И мне тогда же вспомнился один давний его разговор с Леонидом Андреевым. Леонид Андреев был почитателем Блока и любил его поэзию до слез. Как-то в Ваммельсуу я пошел с Андреевым на лыжах, и он неподалеку от станции Райвола рухнул в снег и не встал, а когда я попробовал помочь ему встать, оттолкнул мою руку и проговорил со слезами:
И матрос, на борт не принятый, Идет, шатаясь, сквозь буран. Все потеряно, все выпито! Довольно — больше не могу…И назвал эти стихи гениальнейшими. Блок знал о пылкой любви Леонида Андреева, и все же, когда Андреев, еще раз выразив ему свои восторги перед ним, спросил его при мне на премьере одной своей пьесы, нравится ли ему эта пьеса, Блок потупился и долго молчал, потом поднял глаза и произнес сокрушенно:
— Не нравится.
И через несколько времени еще сокрушеннее:
— Очень не нравится.
Как будто чувствовал себя виноватым, что пьеса оказалась плохой.
И всегда он говорил свою правду напрямик, не считаясь ни с чем.
«Система откровенного высказывания (даже беспощадного), — писал он в одном письме, — единственно возможная, иначе отношения путаются невероятно».
«Только правда, — как бы она ни была тяжела, легка, — „легкое бремя“, — писал он в своем дневнике. — Правду, исчезнувшую из русской жизни, возвращать — наше дело».

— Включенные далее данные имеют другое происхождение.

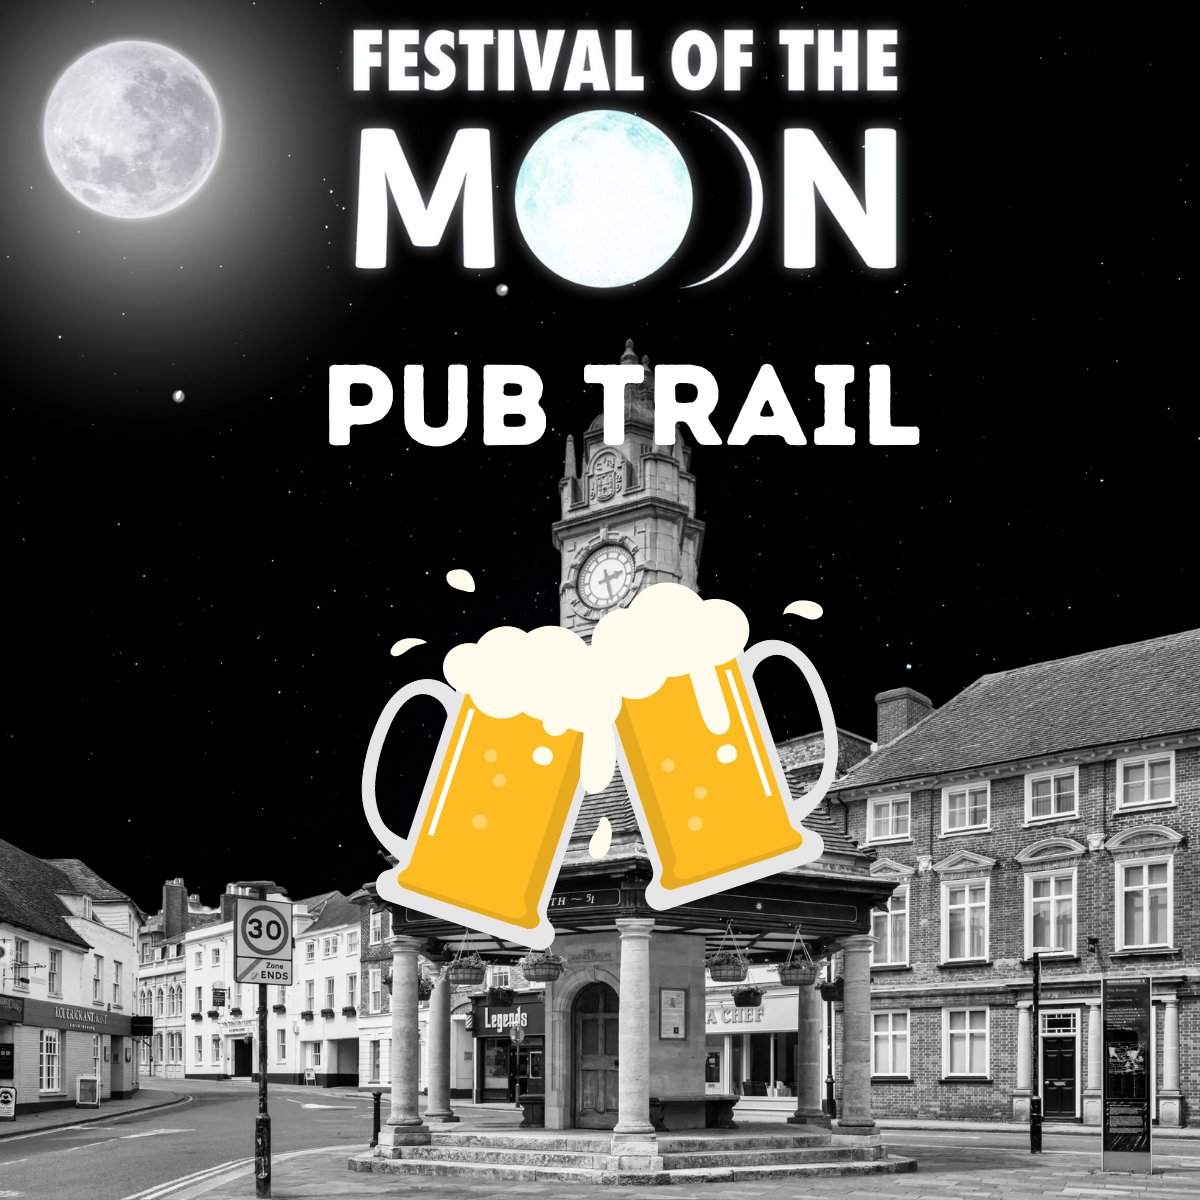 Still time to visit 8 or 16 pubs in Newbury town centre to enter the draw for some fantastic prizes including VIP tickets for the @NewburyAleFest. Entries to be dropped off in the letterbox in front of our bar by COP Monday. See visitnewbury.org.uk/festival-of-th… for details. #newbeery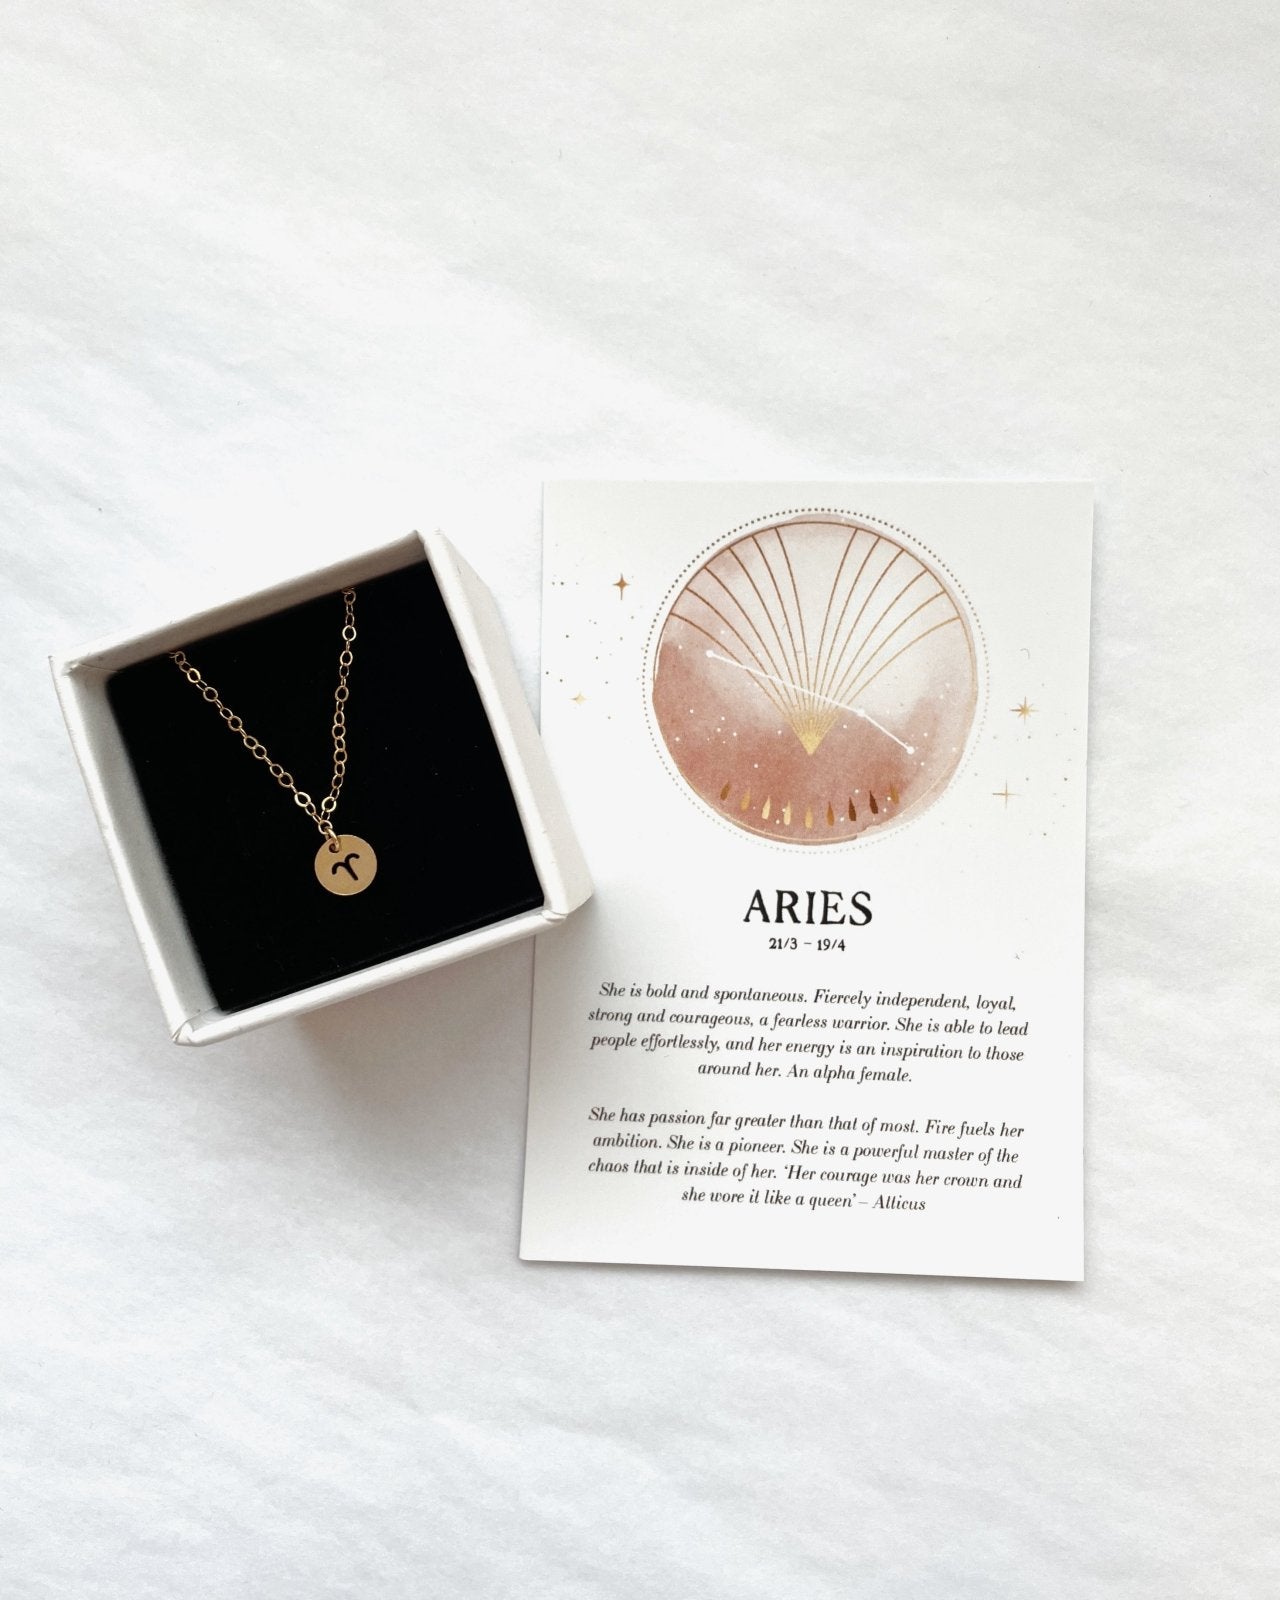 Load image into Gallery viewer, ZODIAC COIN NECKLACE- 14k Yellow Gold - The Littl - Deluxe Chain - 37cm (choker)

Перечитывая его критические статьи и рецензии, я, даже не соглашаясь с ними, всегда восхищался их бесстрашной правдивостью, доведенной до крайнего своего выражения. В этих статьях он никогда не боялся вынести даже лучшему другу беспощадный смертный приговор. Конечно, друг становился врагом, но Блока это никогда не тревожило. Был у него двоюродный брат, писатель. Сергей Соловьев, восторженный поклонник его ранней поэзии, чуть ли не первый открывший его дарование. Блок иначе и не звал его в письмах, как «милый Сережа». «Милый Сережа… — писал он в 1903 году, — если в это лето ты приедешь в Шахматово, все мы будем счастливы тебя видеть…». «Крепко тебя целую и обнимаю…». «Тебе одному из немногих и под непременной тайной я решаюсь сообщить самую важную вещь в моей жизни…». «Любящий тебя неизменно Ал. Блок».